"And how do you know that it isn't important?" he broke out on his wife. "Not a word—not a word! I know it is important—all letters addressed so are important, mind, for the future! Those letters aren't about the butcher and baker and candlestick-maker, I'll have you know! Give it to her at once, and let Madermoselle hook up the back, or your next dress shall fasten down the front, I promise you!... What, little man! A granddad, eh? 'No re-(h)-est—but the gra-(h)-ave——'"

For all Louie was able to guess from the signature, her letter might have been from butcher, baker and candlestick-maker, all three; the name—"hers to serve, Frank Hickley"—was unknown to her. But the single other name that the letter contained was known. It was that of Kitty Windus. She was laid up somewhere in Vauxhall, and wanted to see her.

The next morning, in a shabby respectable street off the Vauxhall Bridge Road, Louie rang a bell beneath which, punched in a strip of aluminium, was the sign, "F. Hickley, Agent." F. Hickley himself opened the door. Later Louie learned that he was an agent for his wife's shopping, boot-cleaning and potato-peeling. Mrs. Hickley was Kitty's cousin, but the bit she had coming in was not enough to relieve her of the necessity of keeping a lodging-house. That it was a lodging-house Louie guessed from the number and variety of hats and coats that hung in the narrow yellow-painted hall. Mrs. Hickley appeared from somewhere below; Mr. Hickley, descending again, passed her on the stairs.

"Are you Miss Causton?" Mrs. Hickley asked.

"Yes. I've had a letter saying Miss Windus was here."

"Will you come up? Don't take too much notice of her, what she says, especially about tracts; Uncle Arthur's side's liable to it. This way."

"Is she ill?" Louie asked.

"Not to call ill. She'll go to Margate in a week or two, for the air, though Margate's too strong for me; Littlehampton's my favourite. And Bognor. Mind the stair-rod—I must tell Frank to fasten it down."

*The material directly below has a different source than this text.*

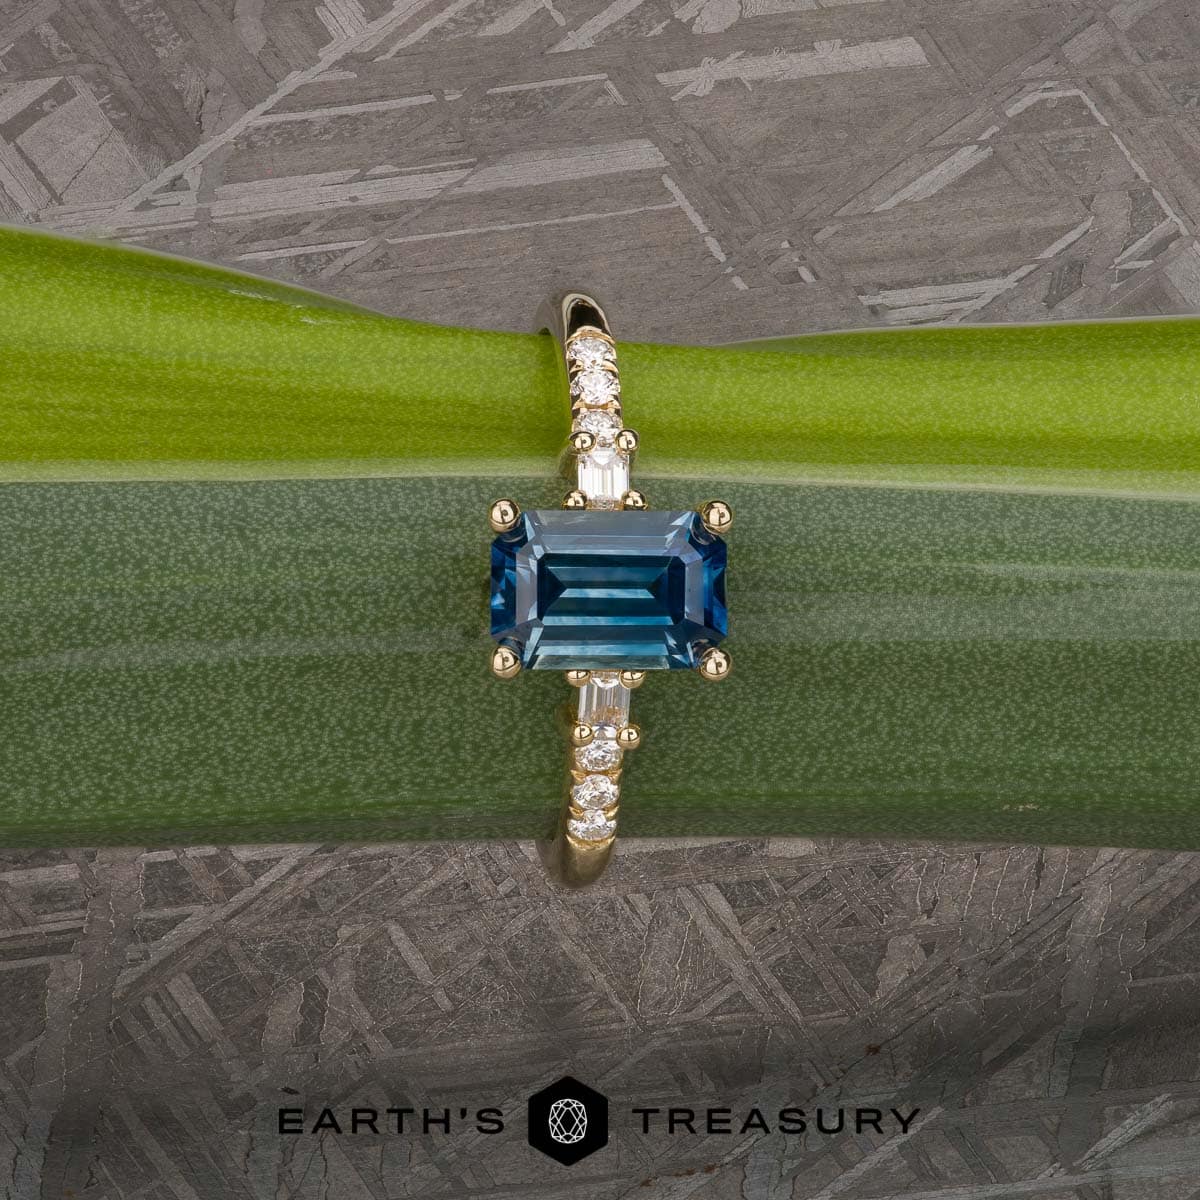 The “Fiona” in 18k yellow gold with 0.91-carat Montana sapphire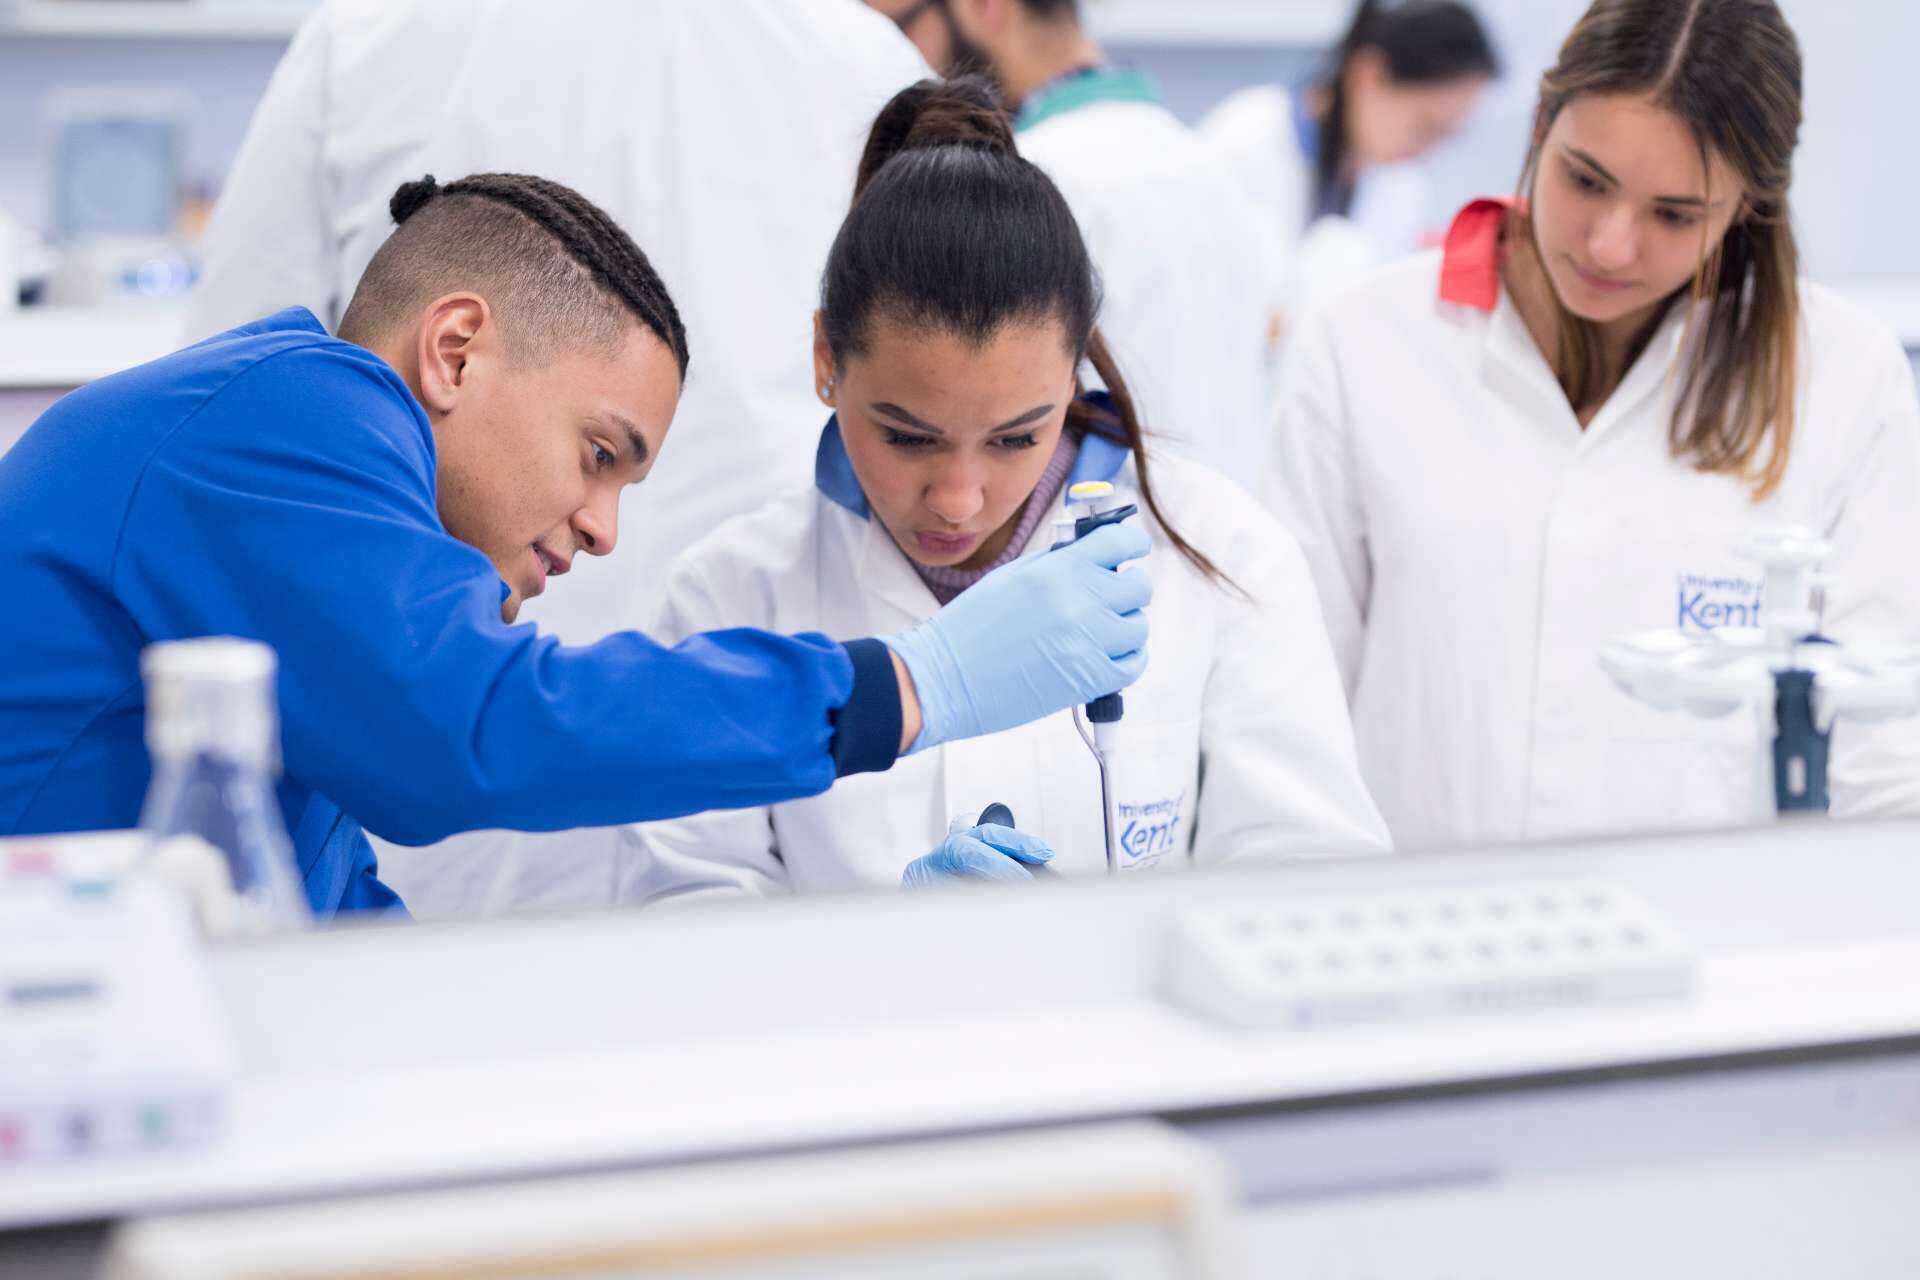 Two students using a pipette in an experiment whilst another female student looks on in the background

As Kitty had formerly found Louie, so Louie now found Kitty—in bed. Her muteness as long as Mrs. Hickley remained in the room seemed obstinate, voulu; the rapid speech into which she broke without preface when her cousin's step had ceased to sound on the stairs confirmed some vague impression of secretiveness. Louie was uneasy at the change in her.

"You're not to talk about it," Kitty said, the words falling one over the other; "that's what the doctor meant, though of course he didn't know what it was. And Mr. Folliott too—the Reverend Mr. Folliott of St. Peters. He gave me the address in Cliftonville, quite the best end of the town; there's such a lot in a good address, don't you think? You know Margate?"